━━━ INPUT DATA ━━━

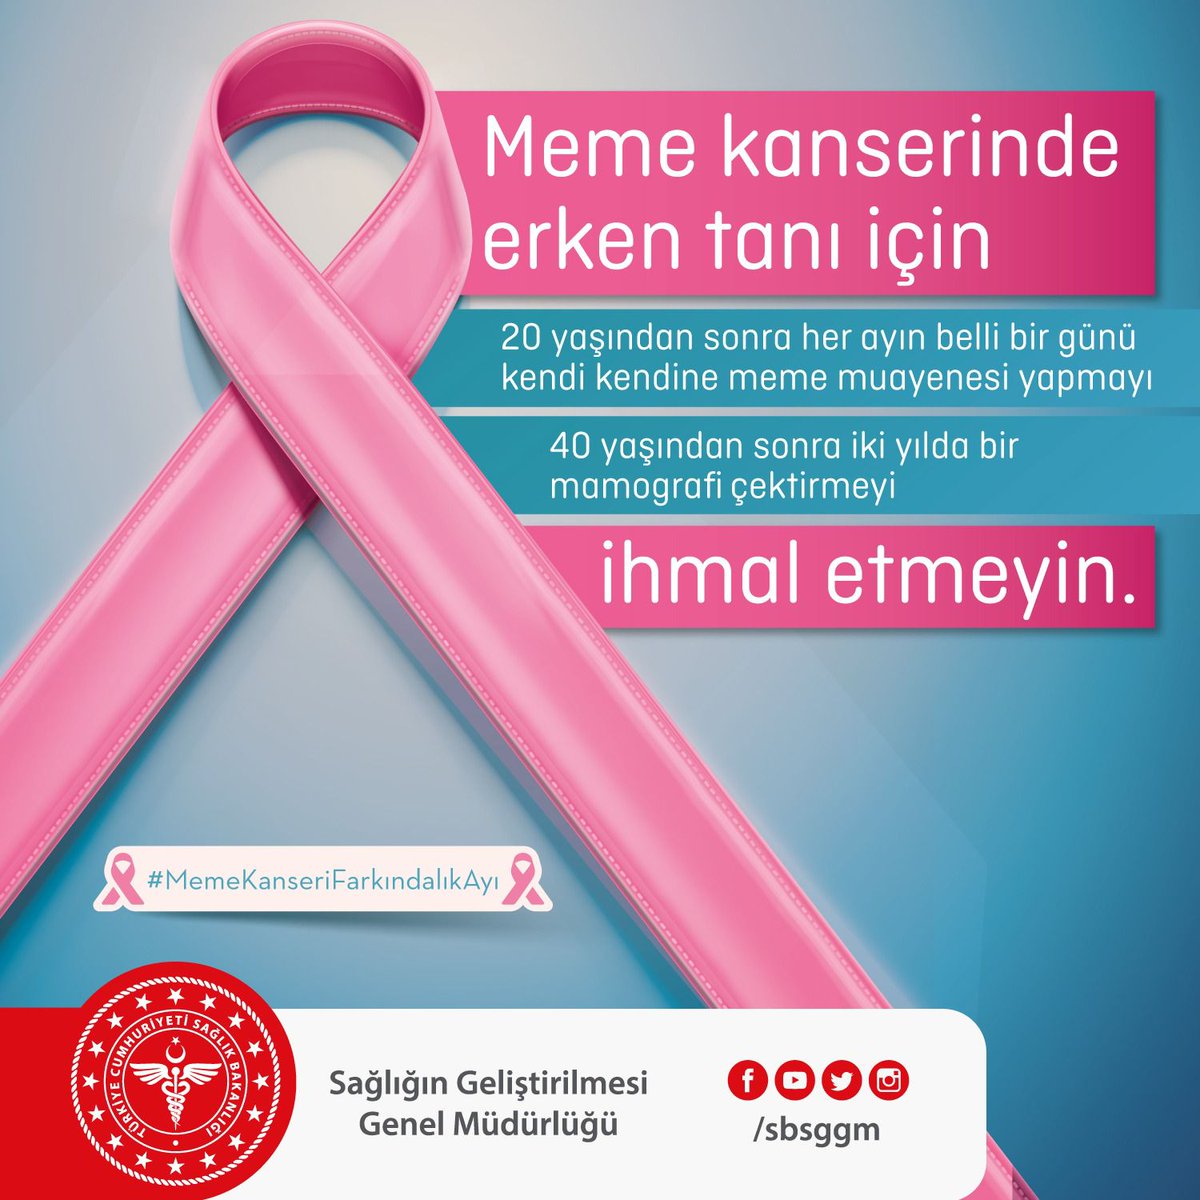 Meme kanserinde erken tanı için - 20 yaşından sonra her ayın belli bir günü kendi kendine meme muayenesi yapmayı - 40 yaşından sonra iki yılda bir mamografi çektirmeyi ihmal etmeyin. #MemeKanseriFarkındalıkAyı
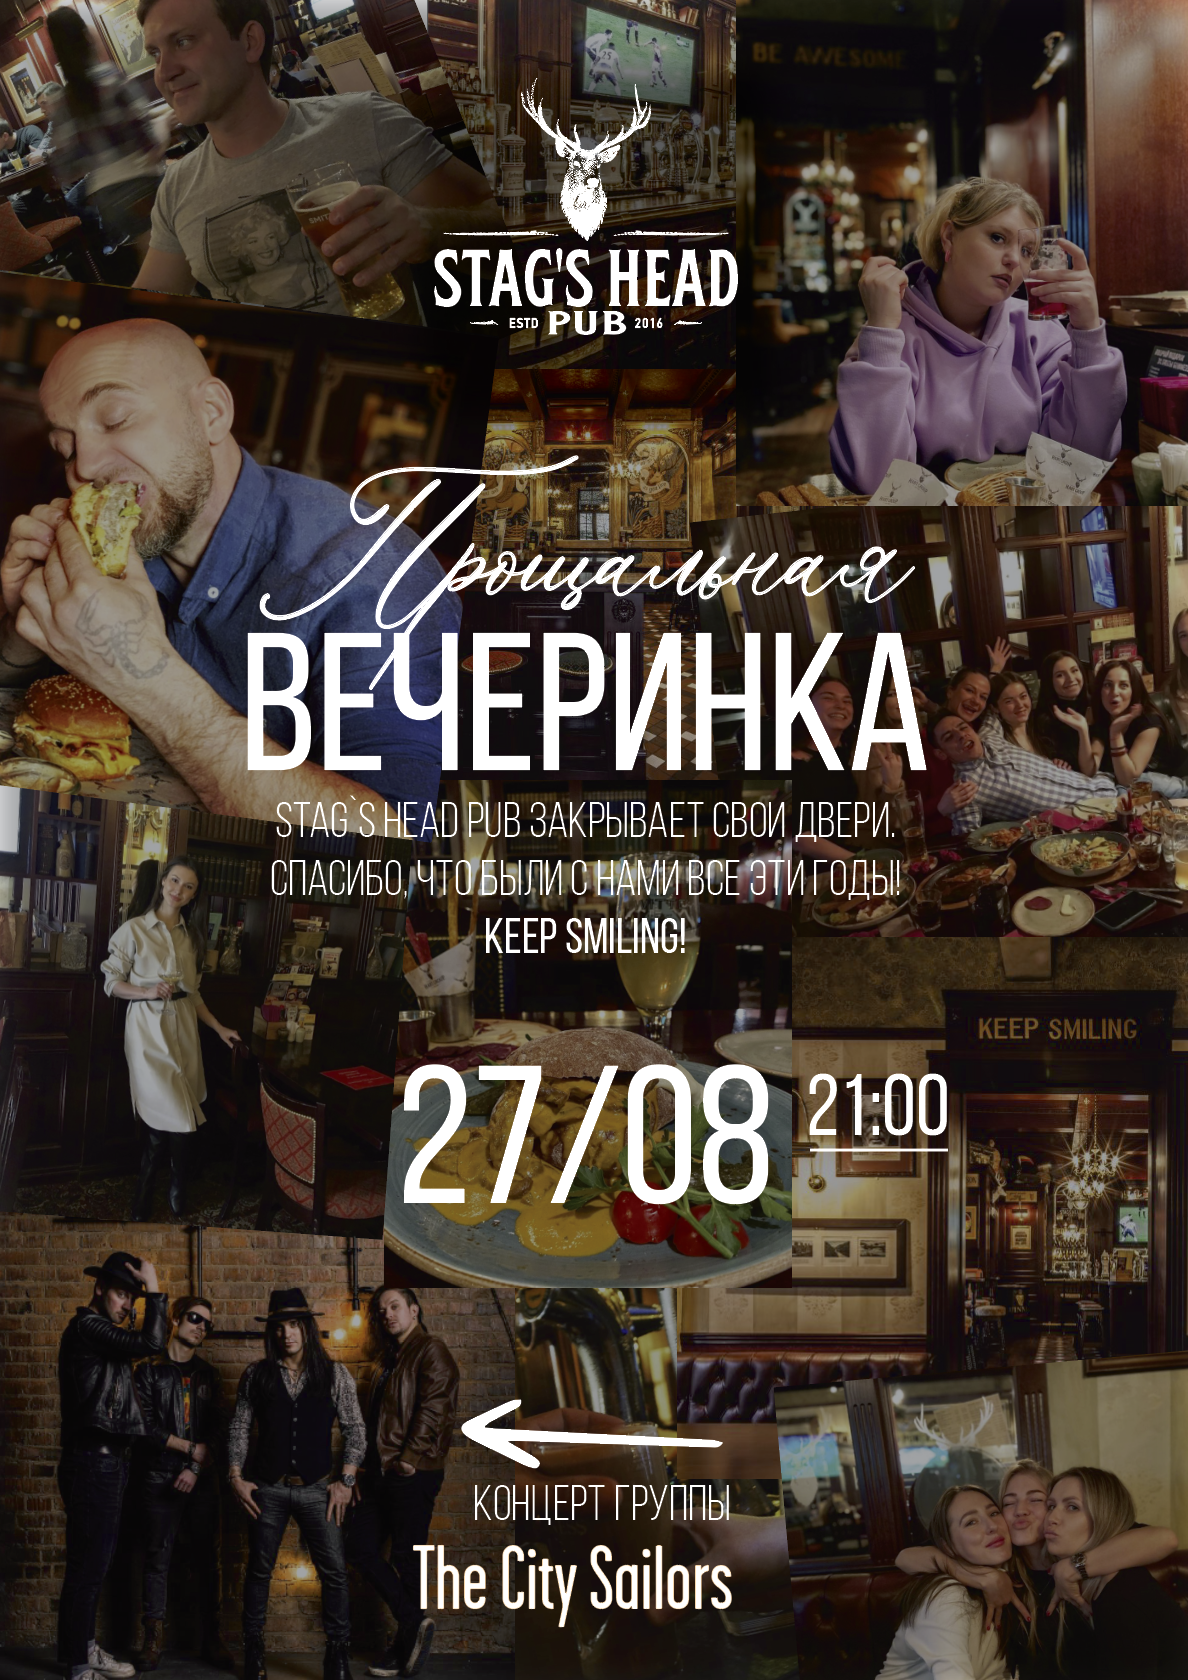 Прощальная Вечеринка в Stag’s Head Pub 27 августа!
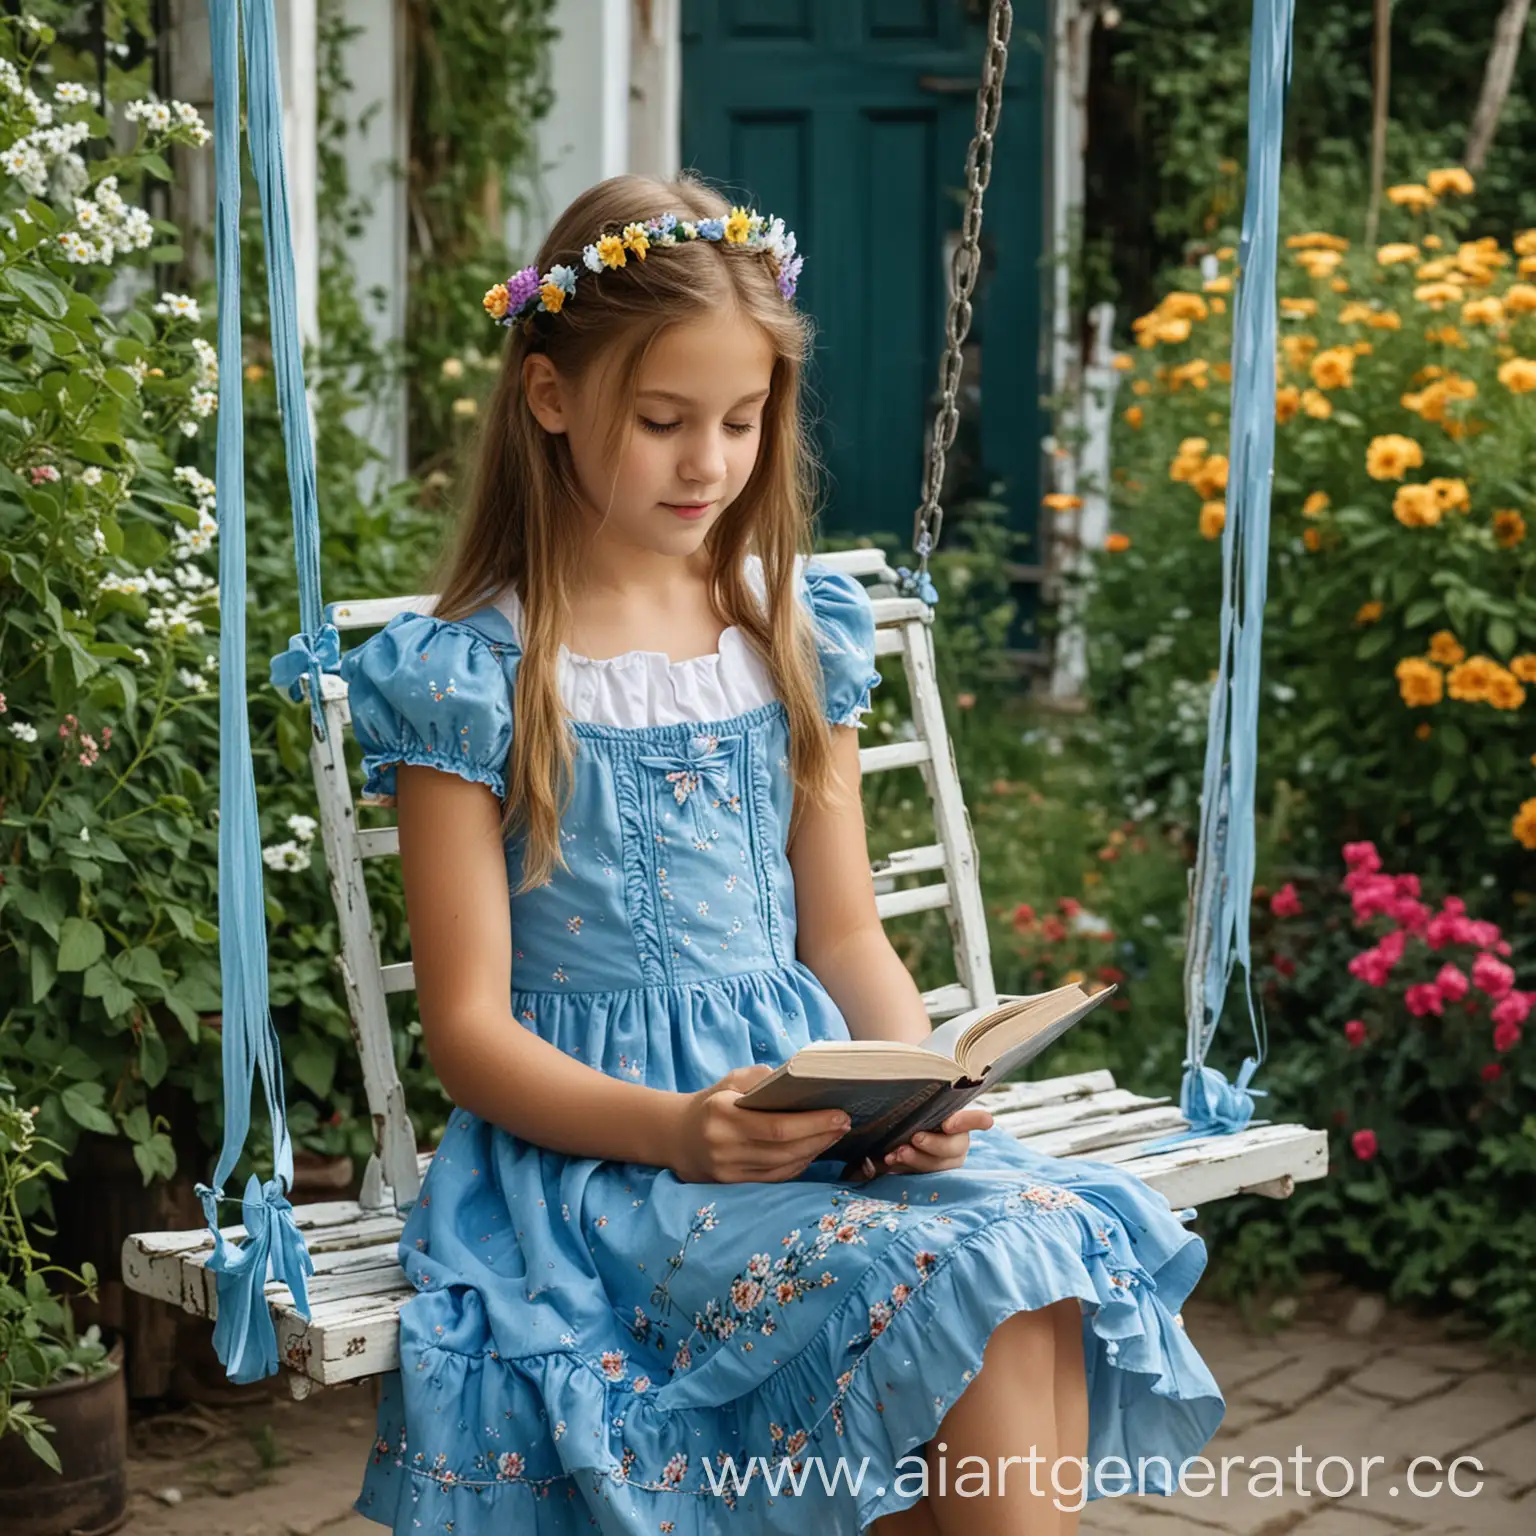 Реальная фотография. Девочка 12 лет сидит на качелях на даче и читает книгу. Лето. Тепло. На заднем плане цветы. На девочке голубое платье, ленточки в волосах

━━━

**WORK INSTRUCTIONS:**
Your answer must contain the full data, repeated exactly, without pictures.

**SOLVED PROBLEM:**
 Meme kanserinde erken tanı için - 20 yaşından sonra her ayın belli bir günü kendi kendine meme muayenesi yapmayı - 40 yaşından sonra iki yılda bir mamografi çektirmeyi ihmal etmeyin. #MemeKanseriFarkındalıkAyı
 Прощальная Вечеринка в Stag’s Head Pub 27 августа!
 Реальная фотография. Девочка 12 лет сидит на качелях на даче и читает книгу. Лето. Тепло. На заднем плане цветы. На девочке голубое платье, ленточки в волосах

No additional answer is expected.